In another study, 73 subjects were randomized to receive valaciclovir 1 g daily or placebo for 60 days each in a two-way crossover design. A daily swab of the genital area was self-collected for HSV-2 detection by polymerase chain reaction, to compare the effect of valaciclovir versus placebo on asymptomatic viral shedding in immunocompetent, HSV-2 seropositive subjects without a history of symptomatic genital herpes infection. The study found that valaciclovir significantly reduced shedding during subclinical days compared to placebo, showing a 71% reduction; 84% of subjects had no shedding while receiving valaciclovir versus 54% of subjects on placebo. About 88% of patients treated with valaciclovir had no recognized signs or symptoms versus 77% for placebo.

For HSV-2, subclinical shedding may account for most of the transmission. Studies on discordant partners (one infected with HSV-2, one not) show that the transmission rate is approximately 5–8.9 per 10,000 sexual contacts, with condom usage greatly reducing the risk of acquisition. Atypical symptoms are often attributed to other causes, such as a yeast infection. HSV-1 is often acquired orally during childhood. It may also be sexually transmitted, including contact with saliva, such as kissing and oral sex. Historically HSV-2 was primarily a sexually transmitted infection, but rates of HSV-1 genital infections have been increasing for the last few decades.

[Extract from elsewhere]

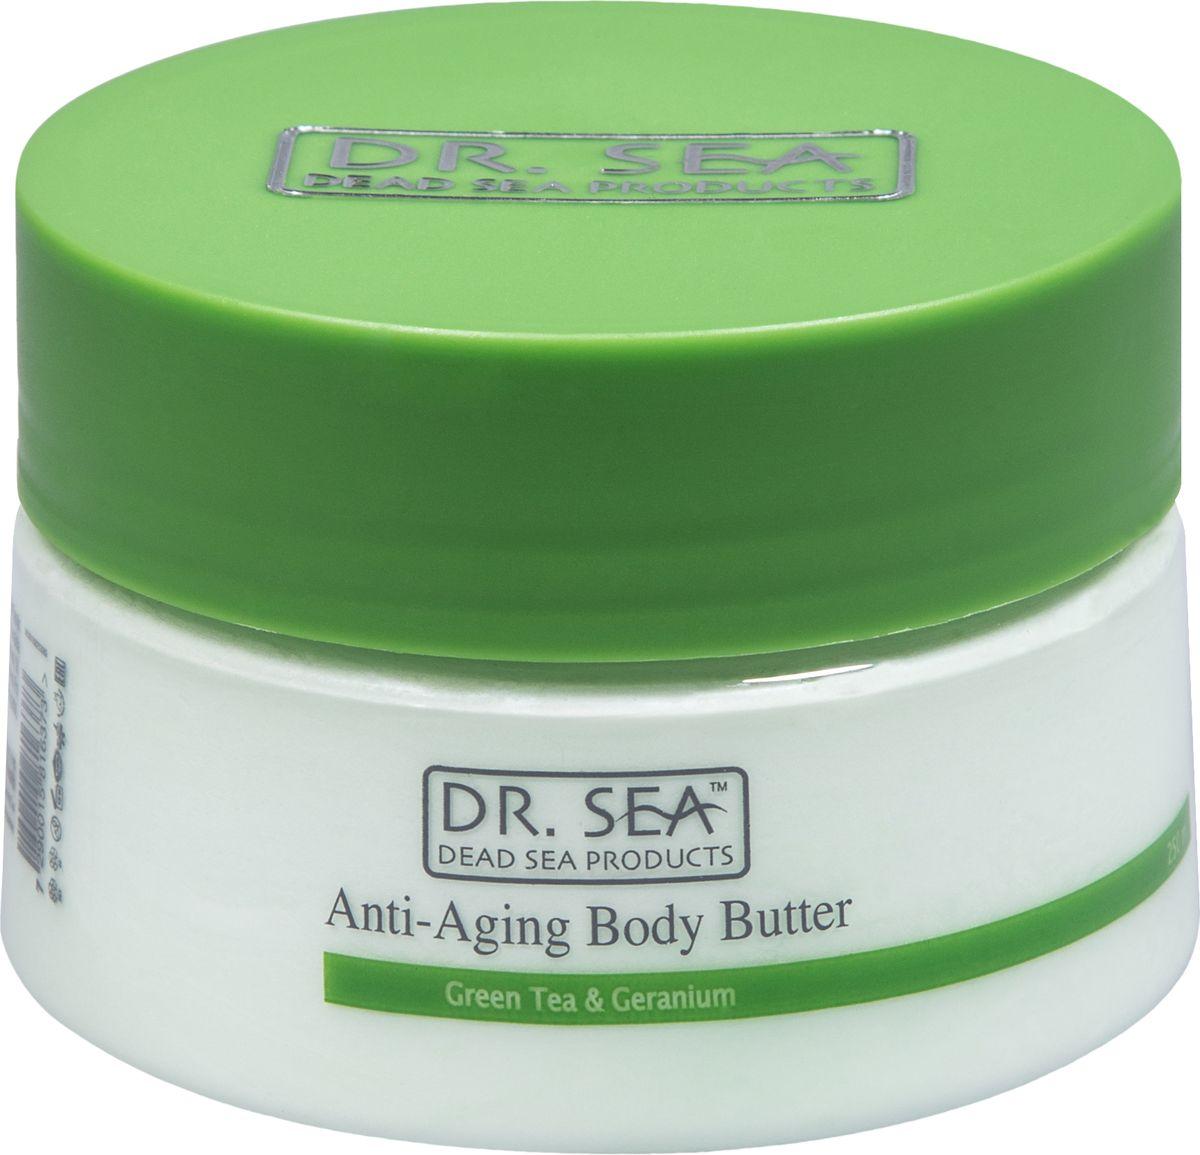 Dr.Sea Масло для тела против старения-зеленый чай и герань, 250 мл225Ежедневное применение масла для тела Dr. Sea позволяет коже эффективно противостоять процессу старения, повышает ее эластичность и упругость. Содержит минералы Мертвого моря, натуральные эфирные и растительные масла, а также витамины C и E, жирные кислоты омега-3 и омега-6. Способствует предотвращению растяжек, рекомендуется к применению в период диеты или беременности. Способ применения: после каждого принятия ванны или душа наносите на кожу массирующими движениями и втирайте до полного впитывания.Основу косметики Dr. Sea составляют минералы, грязи и органические вытяжки Мертвого моря, а также натуральные растительные экстракты. Косметические средства Dr. Sea разрабатываются и производятся исключительно на территории Израиля в новейших технологических условиях, позволяющих максимально раскрыть и сохранить целебные свойства природных компонентов. Ни в одном из препаратов не содержится парааминобензойная кислота (так называемый парабен), а в составе шампуней и гелей для душа не используется Sodium Lauryl Sulfate. Уникальность минеральной косметики Dr. Sea состоит в том, что все компоненты, входящие в рецептуру, натуральные. Сочетание минералов, грязи, соли и других натуральных составляющих, усиливают целебное действие и не дают побочных эффектов. Характеристики:Объем: 250 мл. Производитель: Израиль. Товар сертифицирован.

Both viruses may also be transmitted vertically during childbirth.  However, the risk of transmission is minimal if the mother has no symptoms nor exposed blisters during delivery. The risk is considerable when the mother is infected with the virus for the first time during late pregnancy, reflecting high viral load. While most viral STDs can not be transmitted through objects as the virus dies quickly outside of the body, HSV can survive for up to 4.5 hours on surfaces and can be transmitted through use of towels, toothbrushes, cups, cutlery, etc.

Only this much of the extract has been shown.